▸ What the task requires
Among the lines of the listing below, retype exactly those from the one containing "Williwear straight leg" through the one containing "Buy Stevia |", both included. Do not include pictures.

▸ Records for the task
>>>>>
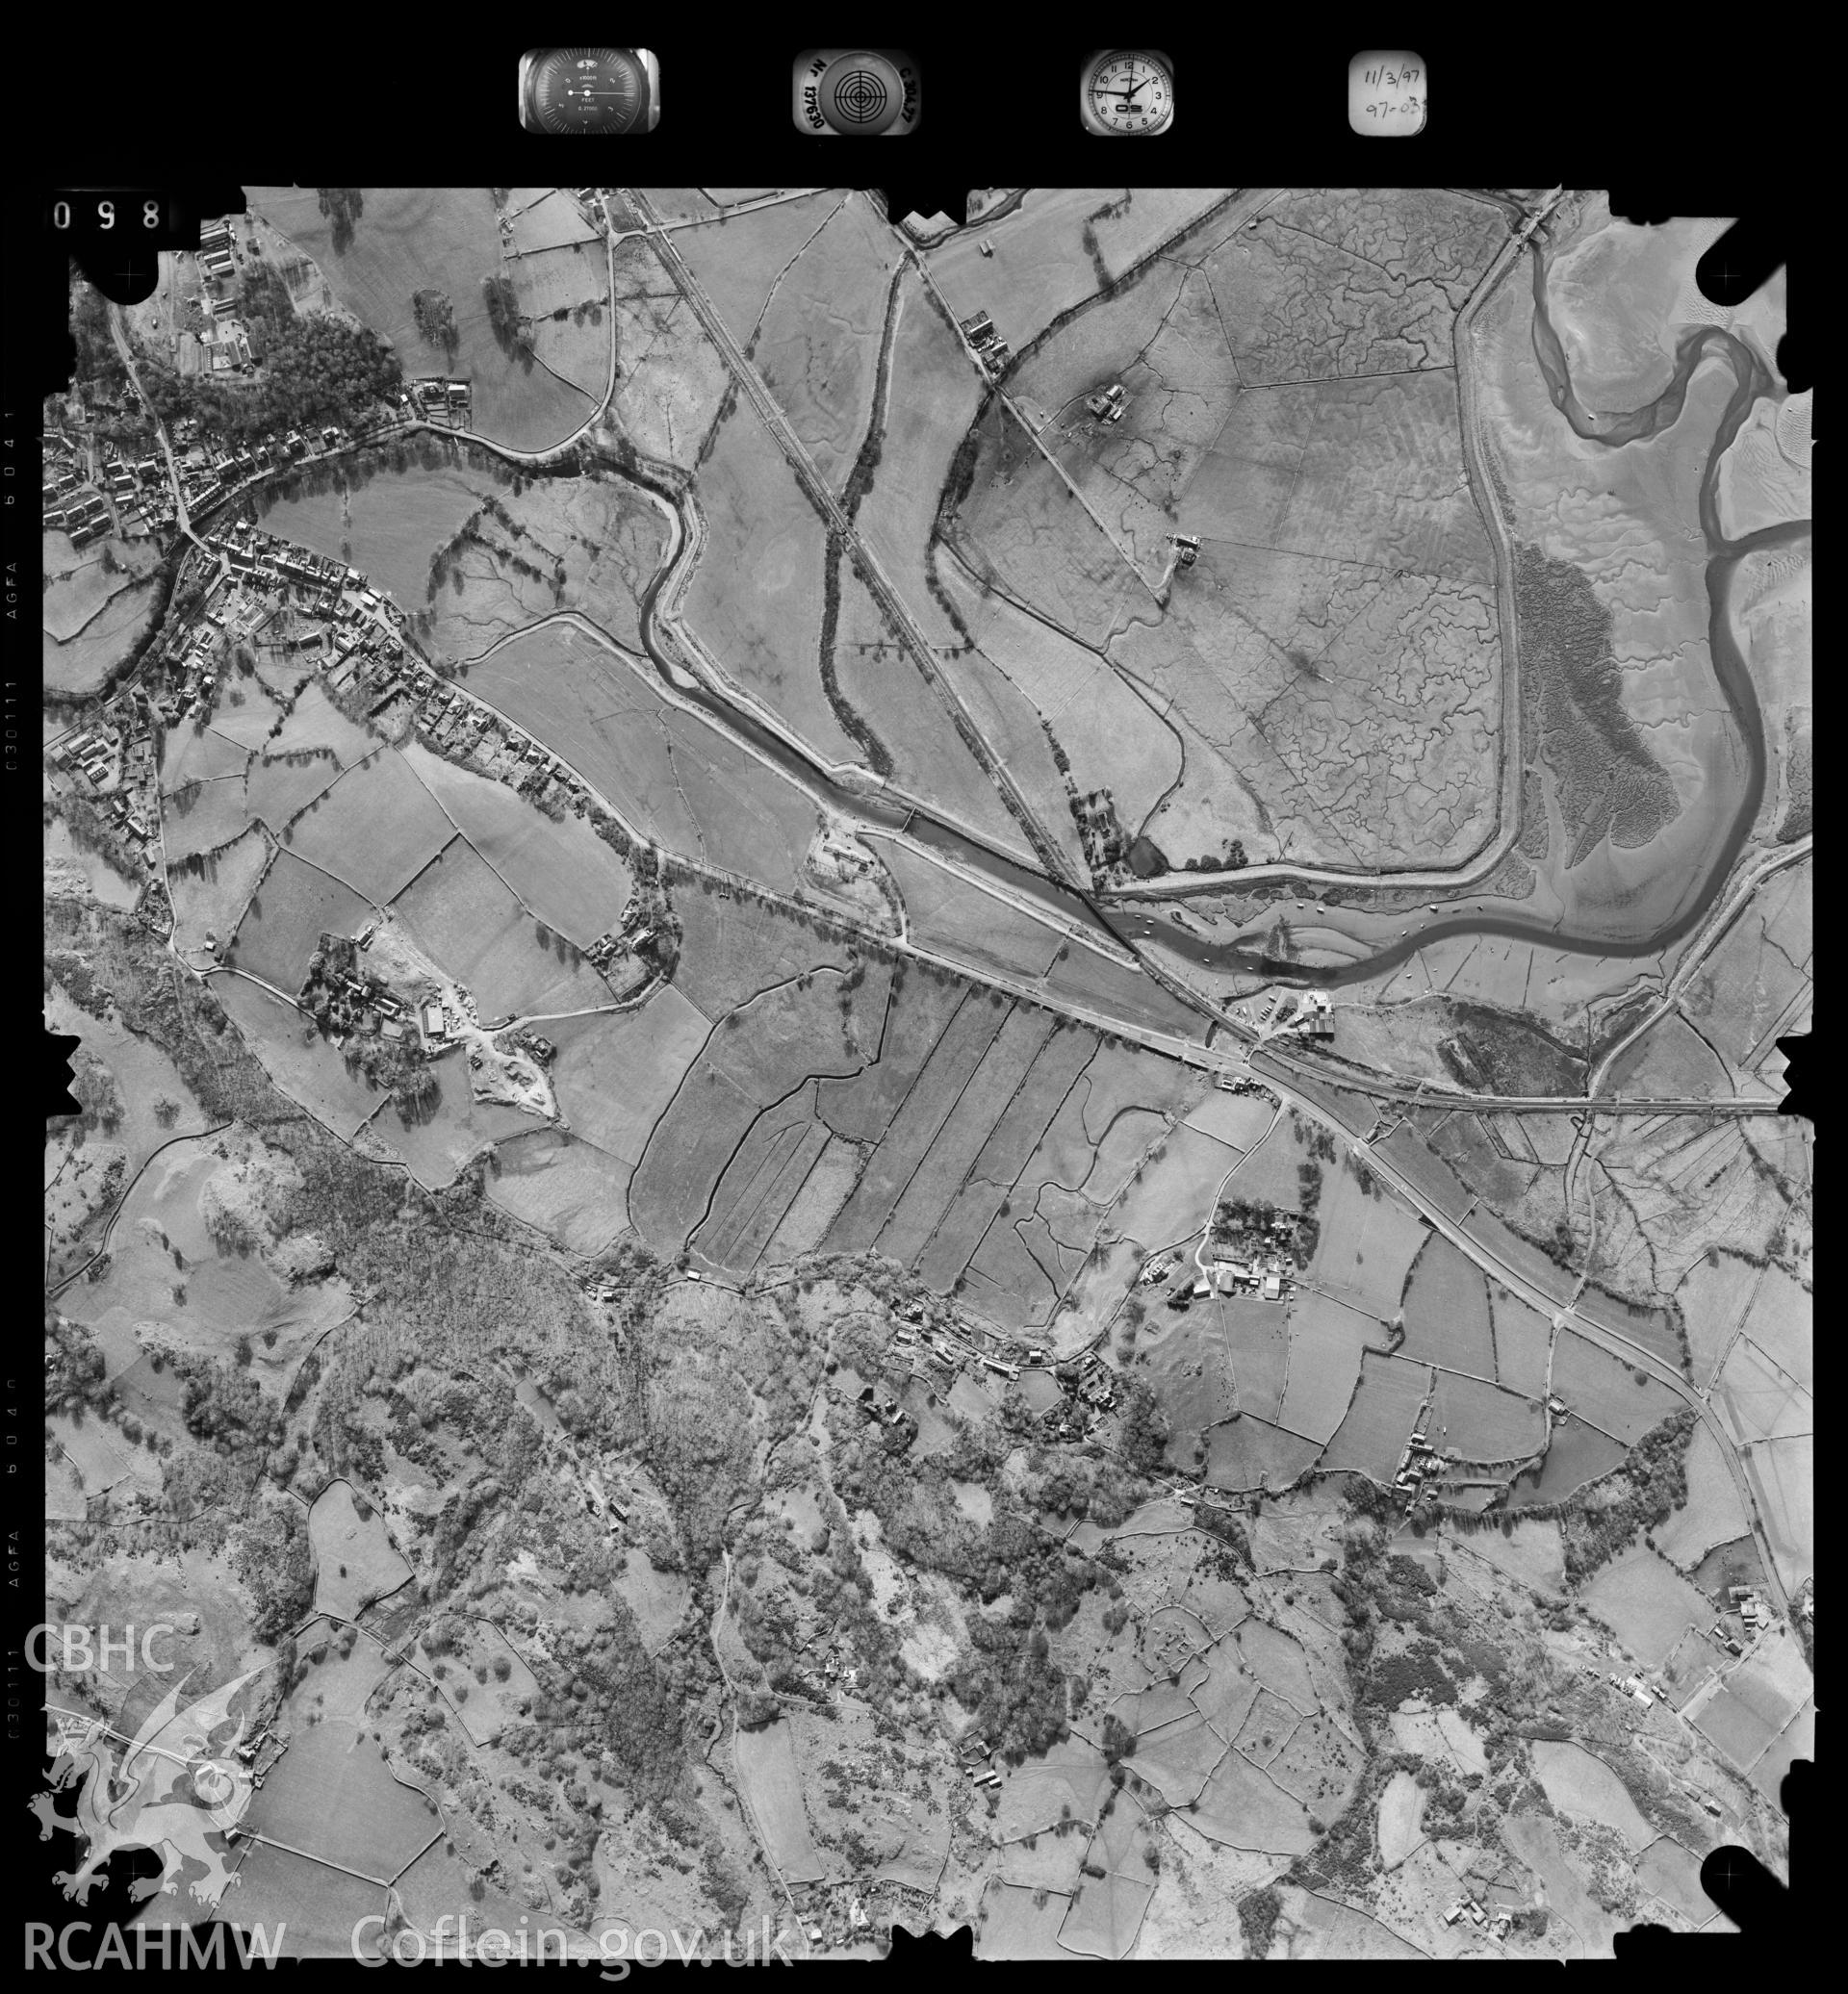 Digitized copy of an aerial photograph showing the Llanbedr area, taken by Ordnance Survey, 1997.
<<<<<
>>>>>
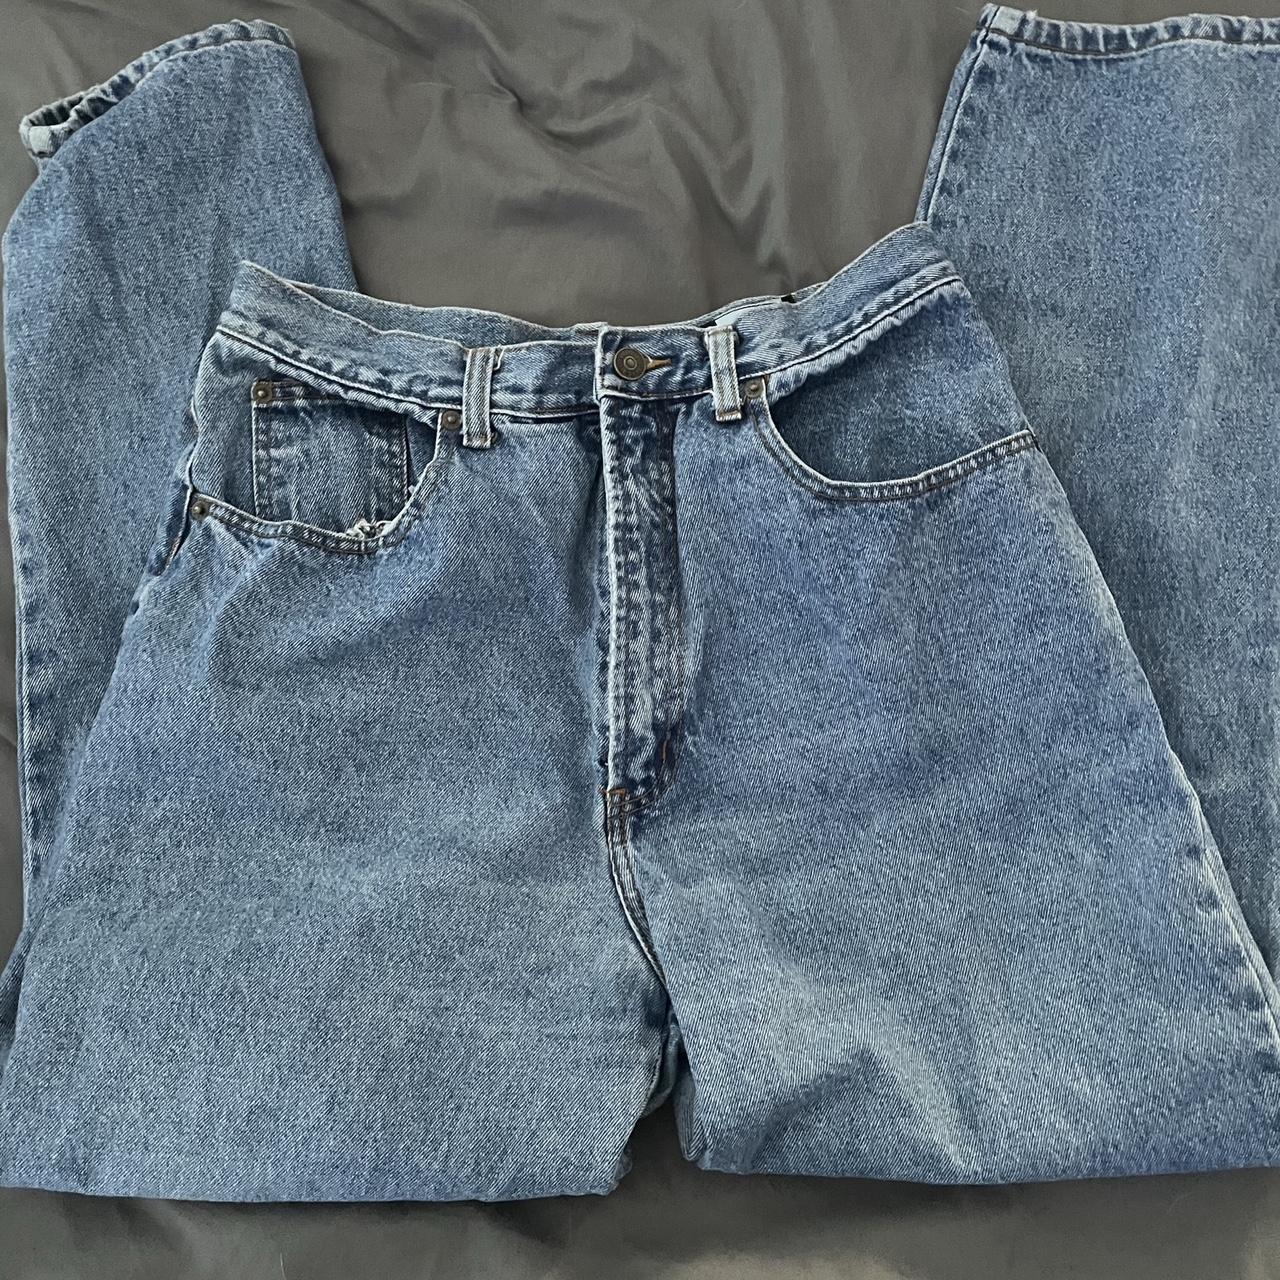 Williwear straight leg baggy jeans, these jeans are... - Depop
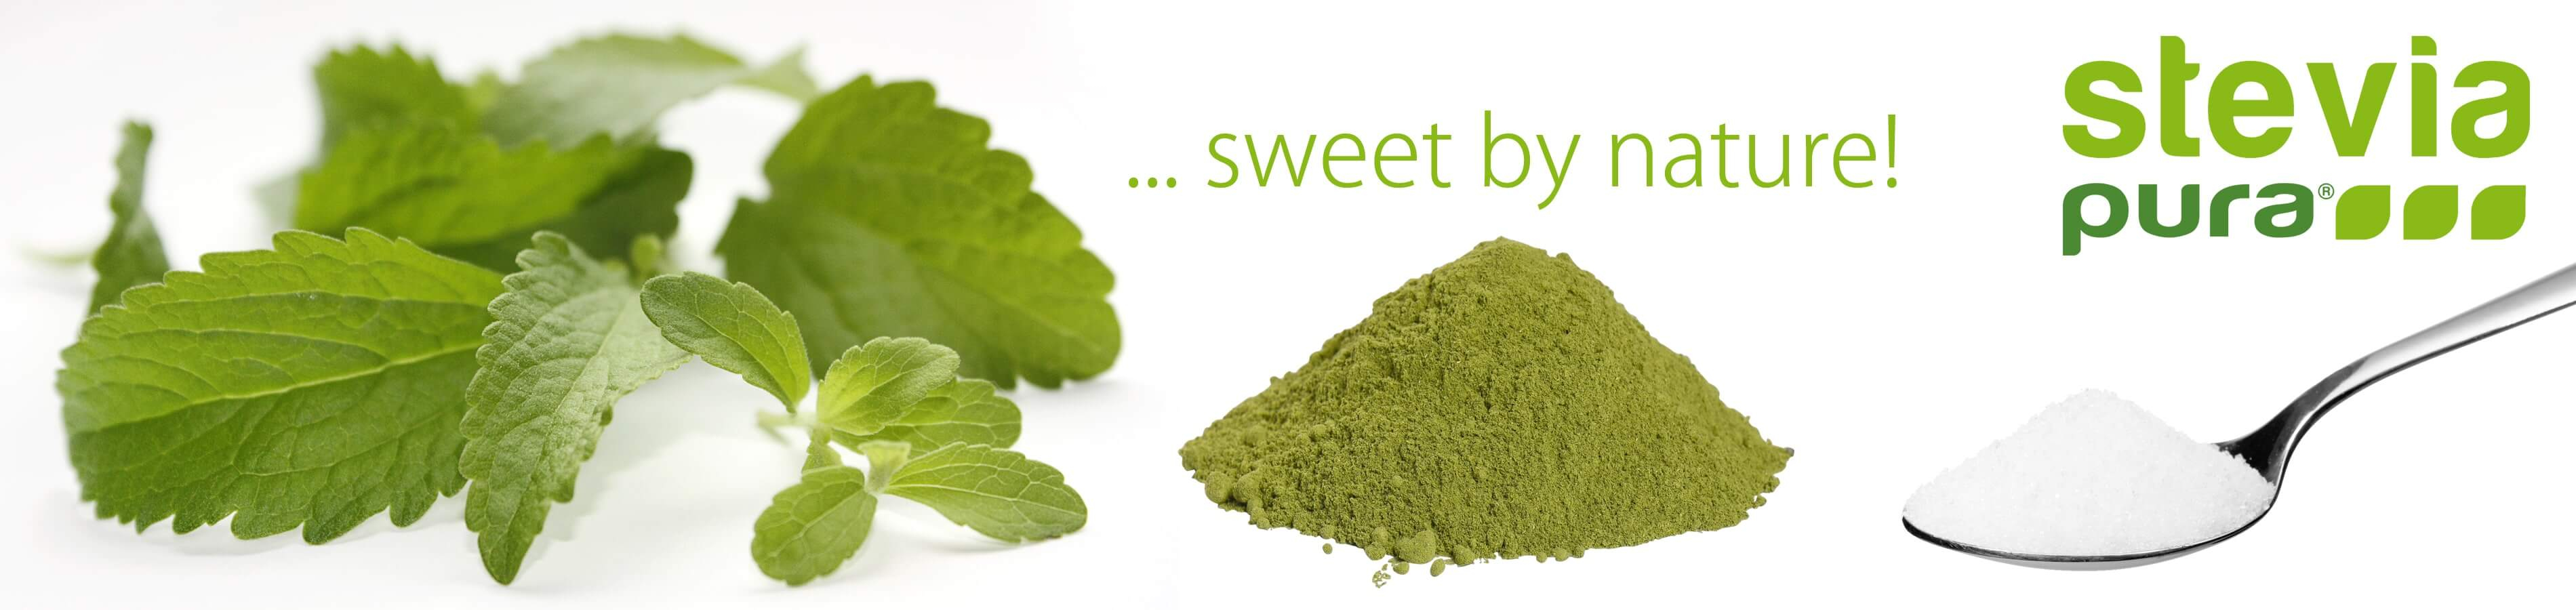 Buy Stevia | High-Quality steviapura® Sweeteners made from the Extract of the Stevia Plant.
<<<<<
▸ Response
 Williwear straight leg baggy jeans, these jeans are... - Depop
 Buy Stevia | High-Quality steviapura® Sweeteners made from the Extract of the Stevia Plant.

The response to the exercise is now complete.